Friday, May 15, 2009

Friday Fridge Clean-Out: Writing Process, Animals as Authors, Exclamations and More

• Interesting interview with rarely-interviewed author S.E.Hinton over at literary agent Nathan Bransford's always enlightening blog. One gem:

(Bransford): What is your writing process? Do you get it on the page and revise later? Outline? Plan ahead? Let the writing go where it goes?
(Hinton): I think I've tried every writing process there is, trying to find an easy way to write a novel. If I do find it, I'll publish it and retire. Sometimes I revise as I go. Once I used an outline. One time I thought in terms of movies and wrote scenes out of order, as they occurred to me, and stitched them together later. I wrote That Was Then, This Is Now, two pages a day and did almost no revision. I originally wrote Rumble Fish as a short story, did the novel, and threw that one away because it was too easy, and wrote it again with Rusty James as the narrator, which was not easy at all. The Outsiders was forty pages long, single-spaced, typed, in its first draft. The third draft was the one Marilyn saw. The only thing I am sure of in my "process" is that it involves a lot of staring out the window.
Read the entire interview here.

• Ahem. A web-based media internship going to the highest bidder? Nah, that just seems wrong, right? Wrong. The folks at the Huffington Post think it's okay, because it's for charity. What's next for HuffPo? Asking their (unpaid) bloggers to pay them for space?

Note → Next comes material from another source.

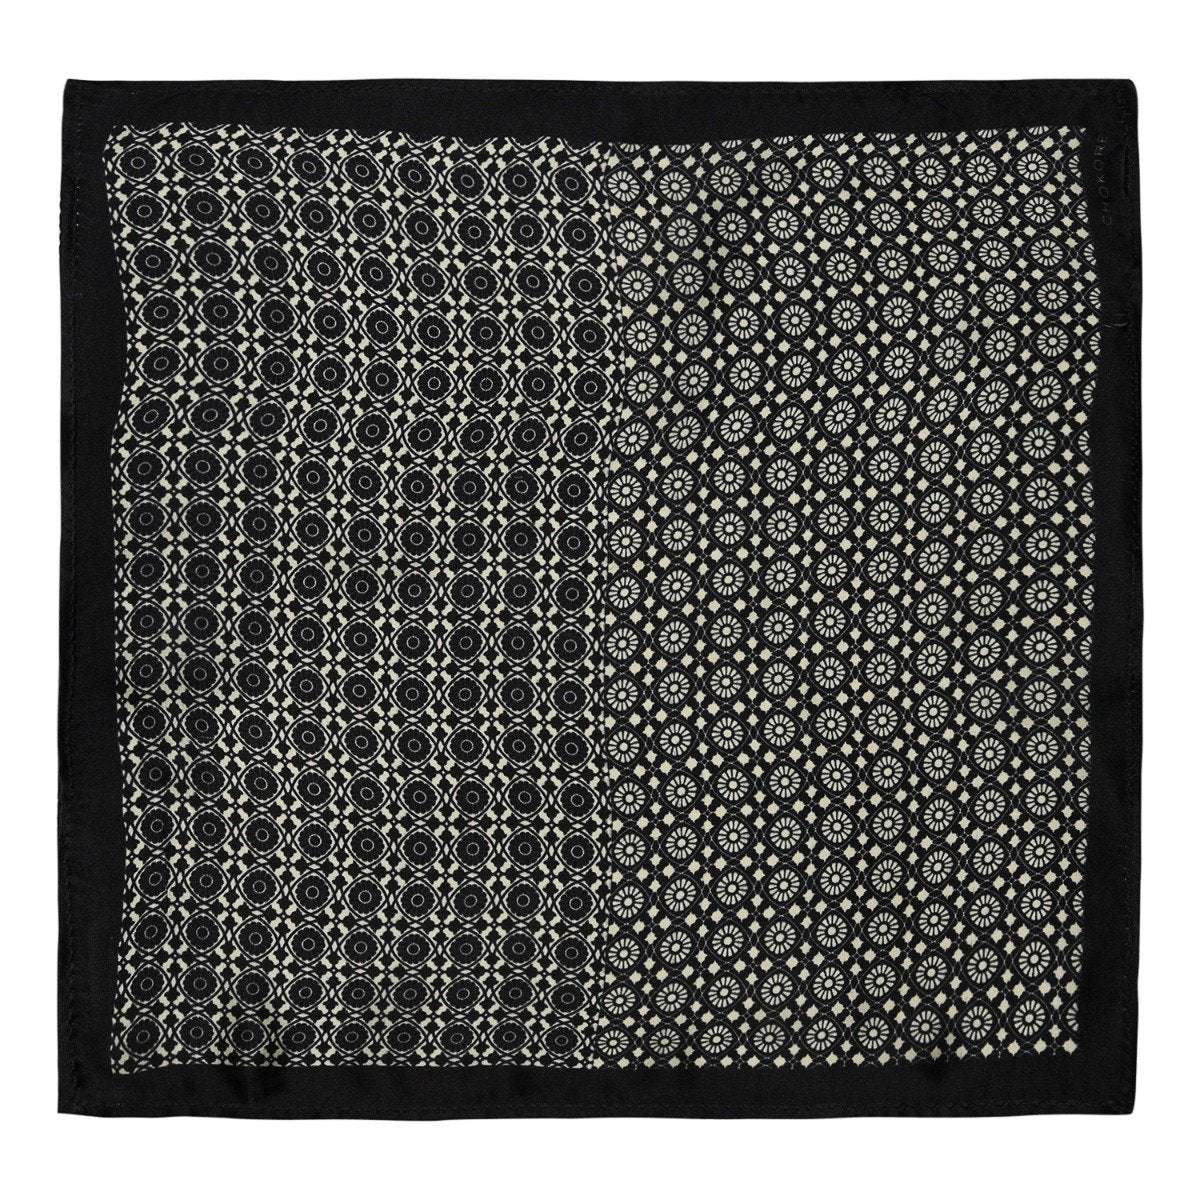 Chokore Black and White Silk Pocket Square -Indian At Heart line

• I don't have cats or dogs. I did have horses (five of them over 15 years), and although I'll admit I was smitten with Mr. Ed when I was a kid, I never really thought about writing anything in the voice of a pet. But apparently, many writers do. A student in one of my recent workshops, writing in the voice of her cat, got me thinking about it, and then I stumbled over the Pets and Their Authors blog, where pets "interview" their humans, who happen to be writers.

• If Elmore Leonard really meant it about exclamation points when he said, "You are allowed no more than two or three per 100,000 words of prose," then imagine what he'd think about this Guardian article and the (no, say it ain't so) resurrection of that questionable punctuation mark.

• Finally, one more item from across the pond. Britain crowns its first female poet laureate. Hear her roar.

Have a great weekend.

1 comment:

Michelle O'Neil said...

Go Brits! She says, flailing her exclamation point wildly.